• **Exercise brief**: Output exactly the lines from the line that has "Reel to Real (Vol 3 #2) Paperback" through the last line of the data below, with no pictures.

• **Given information**:
-----
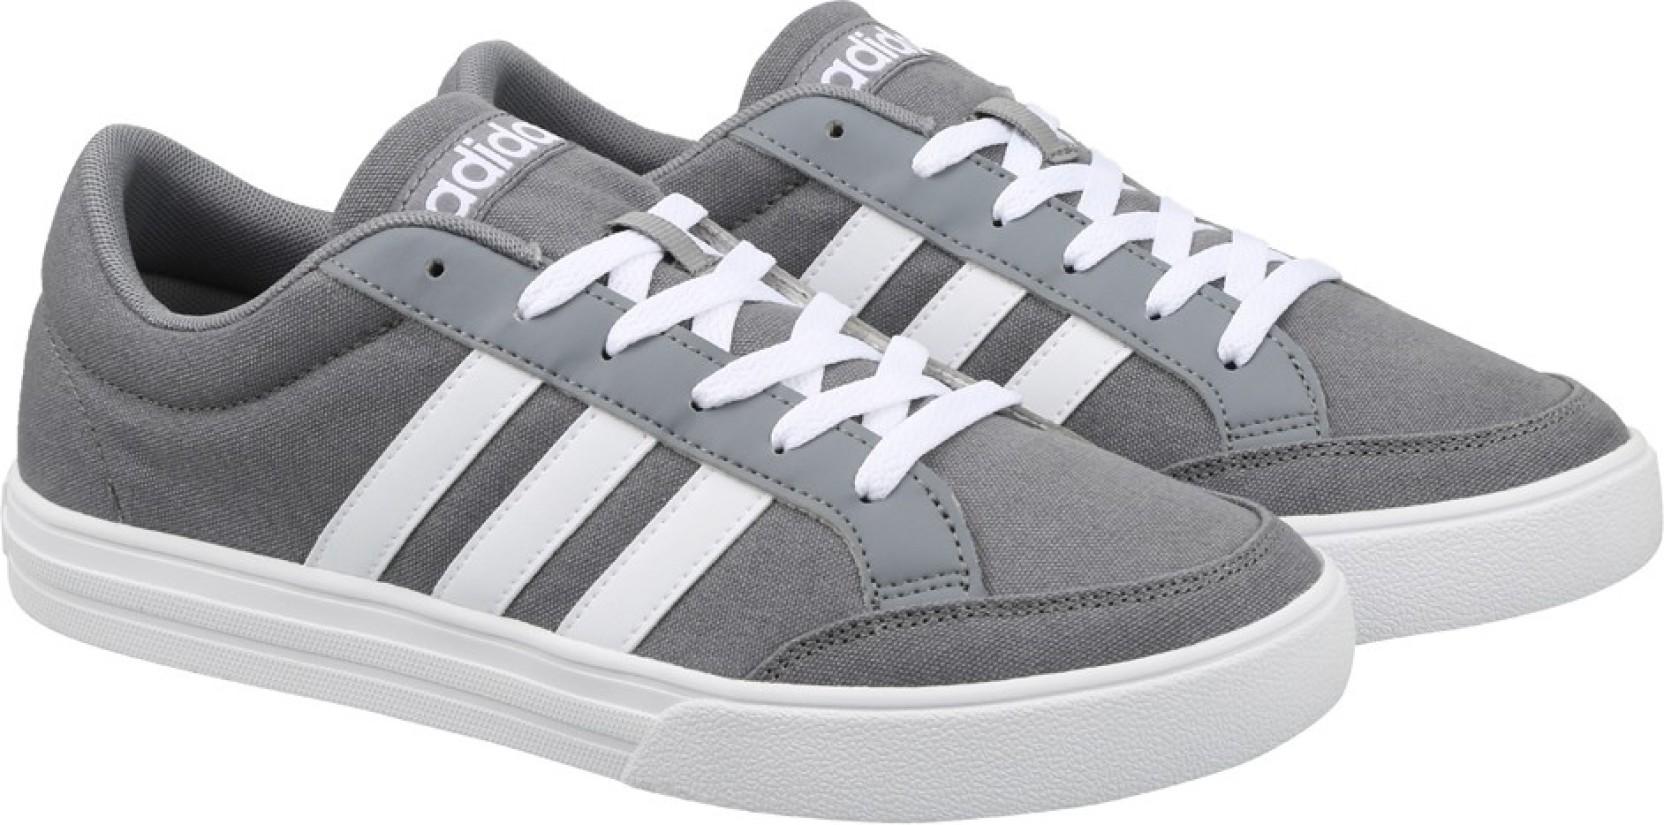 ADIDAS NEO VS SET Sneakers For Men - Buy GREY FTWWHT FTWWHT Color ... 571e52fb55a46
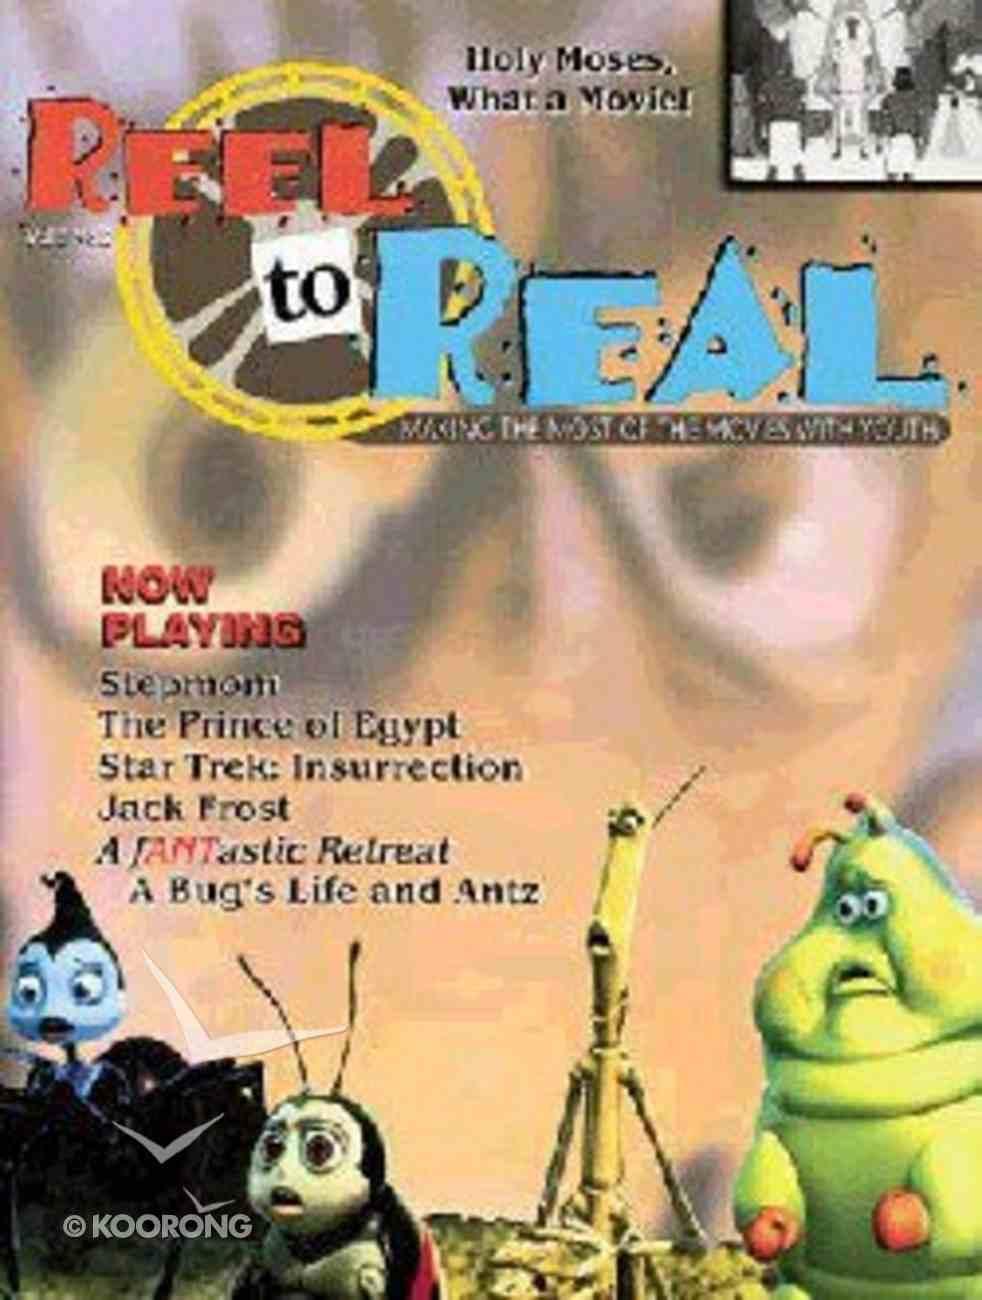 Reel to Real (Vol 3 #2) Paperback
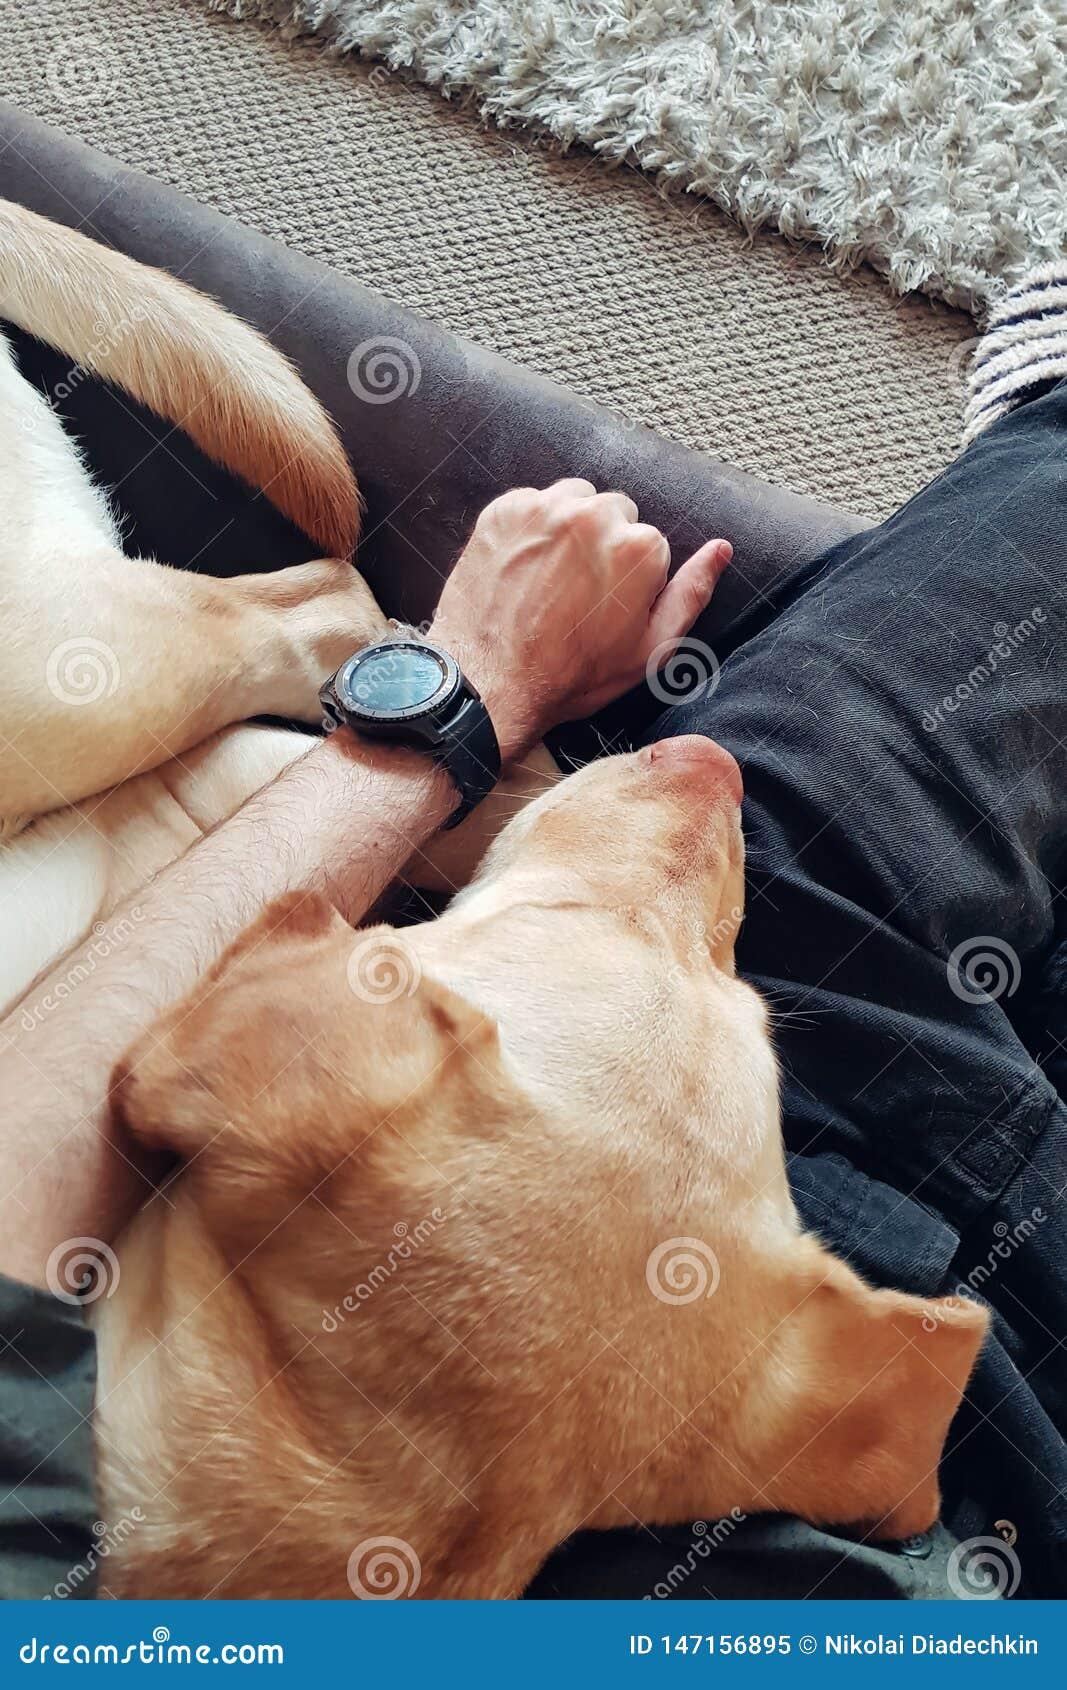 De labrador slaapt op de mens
-----
• **Response area**:
 Reel to Real (Vol 3 #2) Paperback
 De labrador slaapt op de mens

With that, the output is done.